Hi Phil, hope this is a good-natured debate. First, I didn't say a bandsaw or bandsaws were used - I don't know or claim to know what was actually used way back then. I simply responded to MAFoElffen, who quoted another person - you, as it happens - who said the Robinson machine could do it. That's heresay.

I don't see how Robinson's undoubted ingenuity in making a clog sole machine makes any difference to working out how this ammo box joint was produced, and I have no belief one way or the other in the intricacies of that process, ok?

Let's stay on-topic with solving the 15-degree compound angled finger joint construction, eh?

Regards

John


----------



## cutter79 (Oct 21, 2012)

JCJCJC said:


> Lovely work Sam, you're moving this problem closer to a solution every time. At first glance at your thumbnails, I thought you had it fully solved, however, if I 'go large', I see you have exactly the same tiny offset issue I had, the pieces don't align well top and bottom. It's challenging, to say the least. I'm still giving it some thought. What I've been doing is drawing the joint on paper, in 2D, such that when I fold along the centre line it gives me the corner of the box - hope that makes sense. From that then I hope to discover the correct set-out lines and have another go, also subject to weather - it's -6C here at the moment and my shed isn't heated - I don't want to solve this that badly!

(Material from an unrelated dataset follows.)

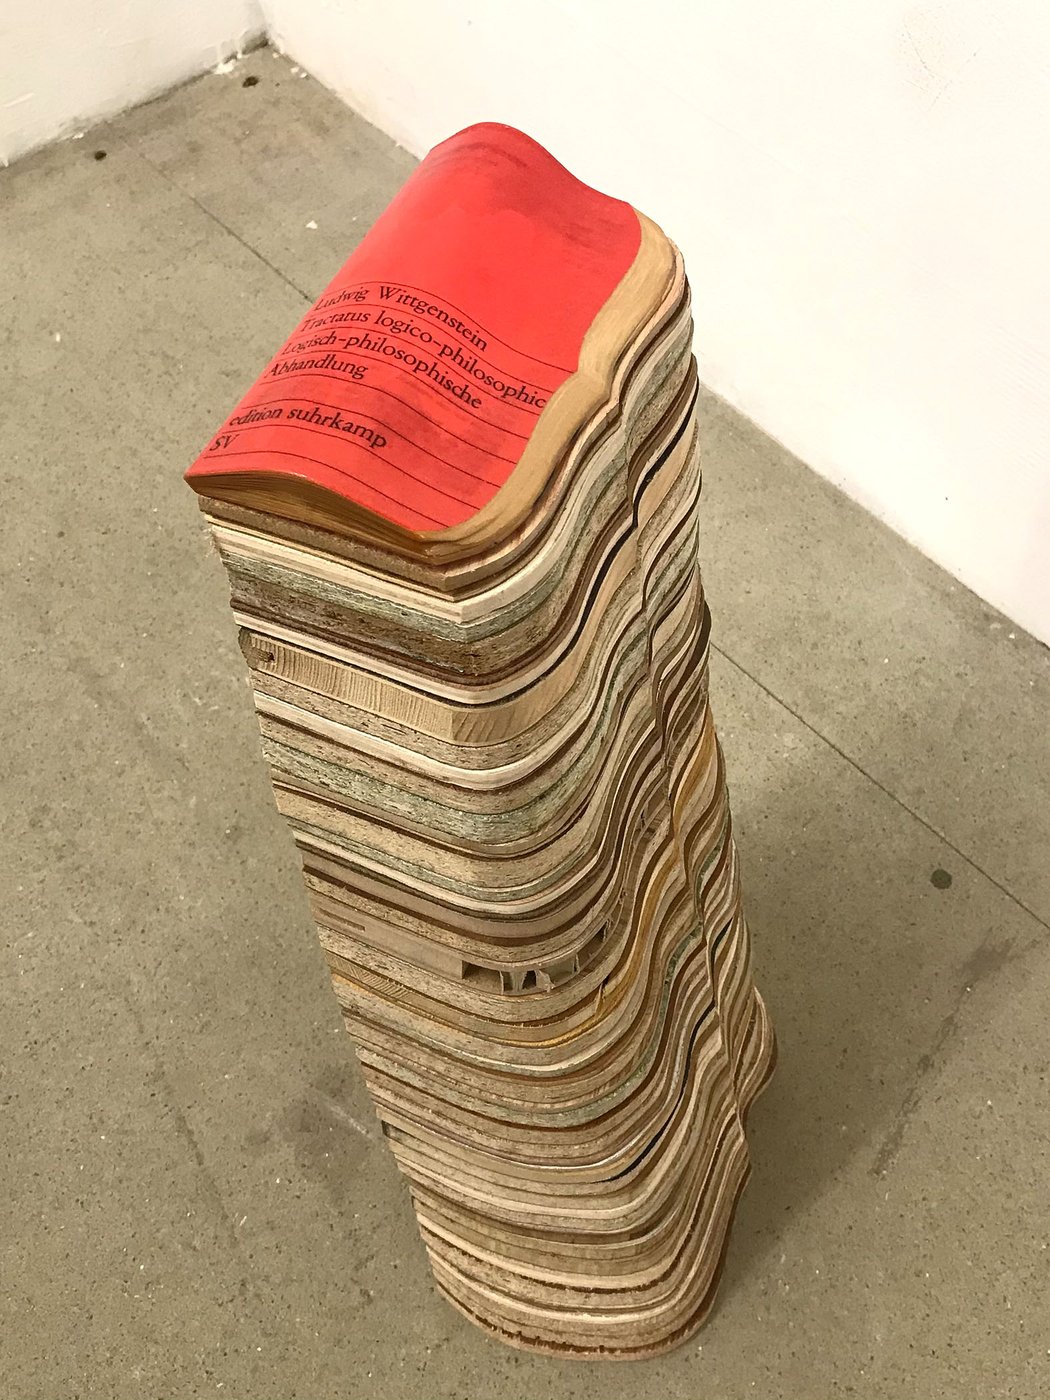 On display is a 65 cm high tower built from 50 layers of wood. The individual layers stand out visually from each other due to their different colours and types of wood. The top layer shows the cover of Wittgenstein's book “Tractatus logico-philosophicus” from edition suhrkamp in red. The tower was milled along the right side in the form of a curved bracket. The photo was taken from diagonally above right.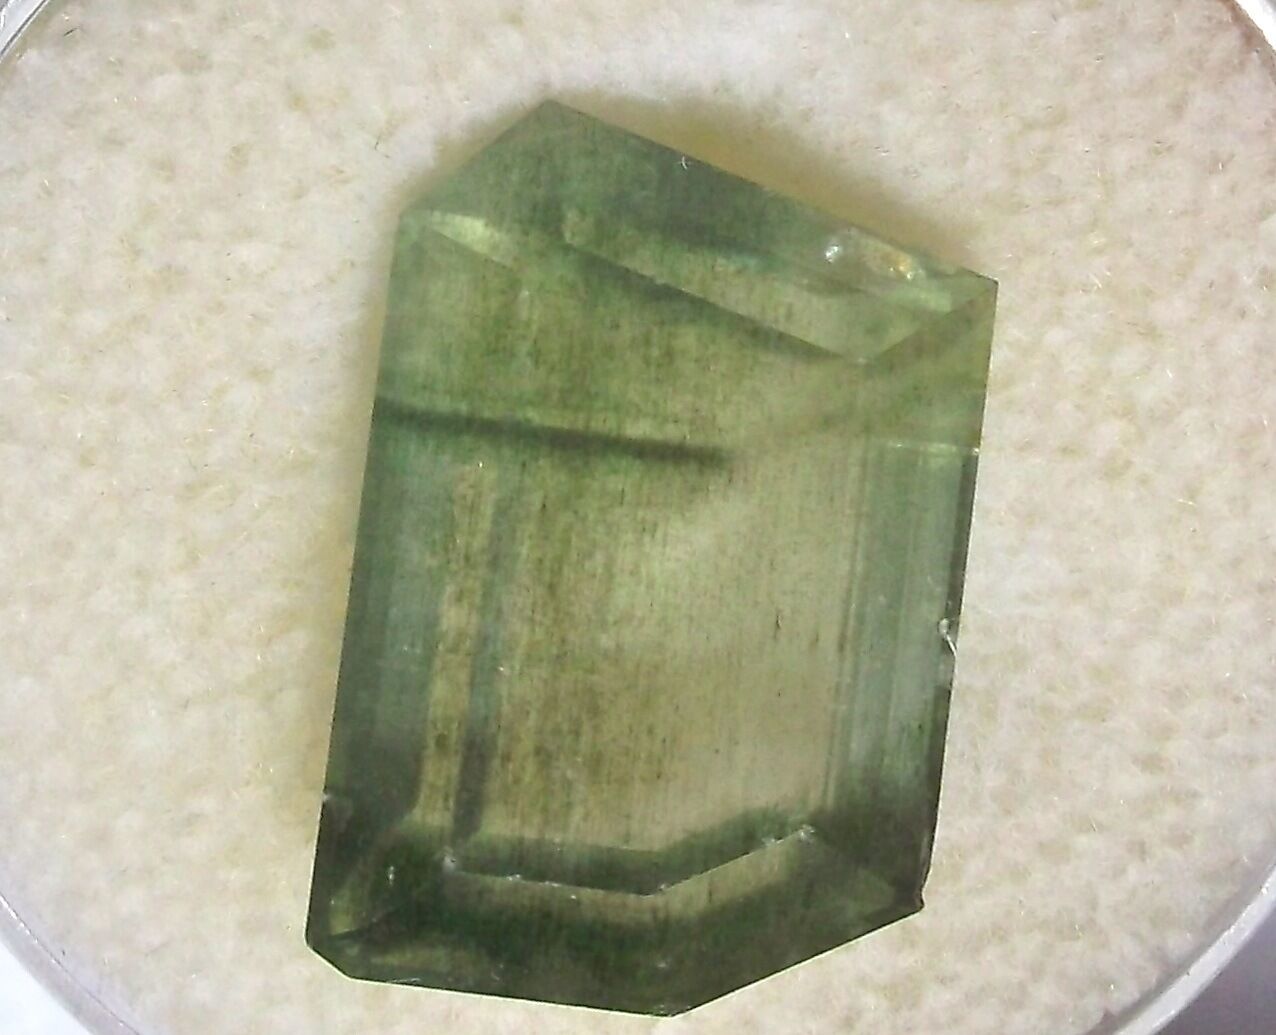 GREEN BERYL CLEAR FACETED CRYSTAL 15.5 CARATS OR 3.1 GRAMS BRAZIL

Thanks John for your comments.
To be honest I had not given any consideration at this point to line up the sides. Now I have mastered the angle cut I am working on the allignment. Also I am working on a jig that will take that little bit off the fingers (with the router) and not having to chisell the base of the female section. This can be seen on one of the attempts. Doing this will not change the strength of the joint but it will be able to be produced completely (I think) with the router. Also the same Cutter and template guide can be used throughout the process. I have enjoyed the challenge and I am still working on the final outcome. Like you I do not have the opportunity to go to the shed when I feel like it as here at the moment the weather here has been up in the 100C for a number of days and my shed is not air condidioned


----------



## JCJCJC (May 15, 2012)

Sam - that kind of heat is unimaginable to me. I was in Spain once at 45C, couldn't operate at all in it - my Cetic DNA isn't comfortable much above 25C I think. Here's a pic of my car this morning at -6C, just leaving for the school run - no need for aircon here today!


----------



## cutter79 (Oct 21, 2012)

Just to let you know I have experiencesed those condidition in Scotland
Sam


----------



## breezy (Nov 4, 2011)

cutter79 said:


> Like you I do not have the opportunity to go to the shed when I feel like it as here at the moment the weather here has been up in the 100C  for a number of days and my shed is not air condidioned


Sam did you mean 100F !!!! 

Sydney had a record 45.8C the other day.


----------



## cutter79 (Oct 21, 2012)

breezy said:


> Sam did you mean 100F !!!!
> 
> Sydney had a record 45.8C the other day.


oops sorry about that
Sam


----------



## cutter79 (Oct 21, 2012)

Just to let all know a project I had considered could not be produce with the router I was wrong. Today I completed the joint (my variation) just as strong. Completed with the router I will submit pics tomorrow of the jig I had constructed to enable me to complete the joint with the router as the only tool without the need for hand tools
Sam


----------



## cutter79 (Oct 21, 2012)

cutter79 said:


> Just to let all know a project I had considered could not be produce with the router I was wrong. Today I completed the joint (my variation) just as strong. Completed with the router I will submit pics tomorrow of the jig I had constructed to enable me to complete the joint with the router as the only tool without the need for hand tools
> Sam


The smaller jig was constructed to remove the waste material with the router instead of using the hand tools.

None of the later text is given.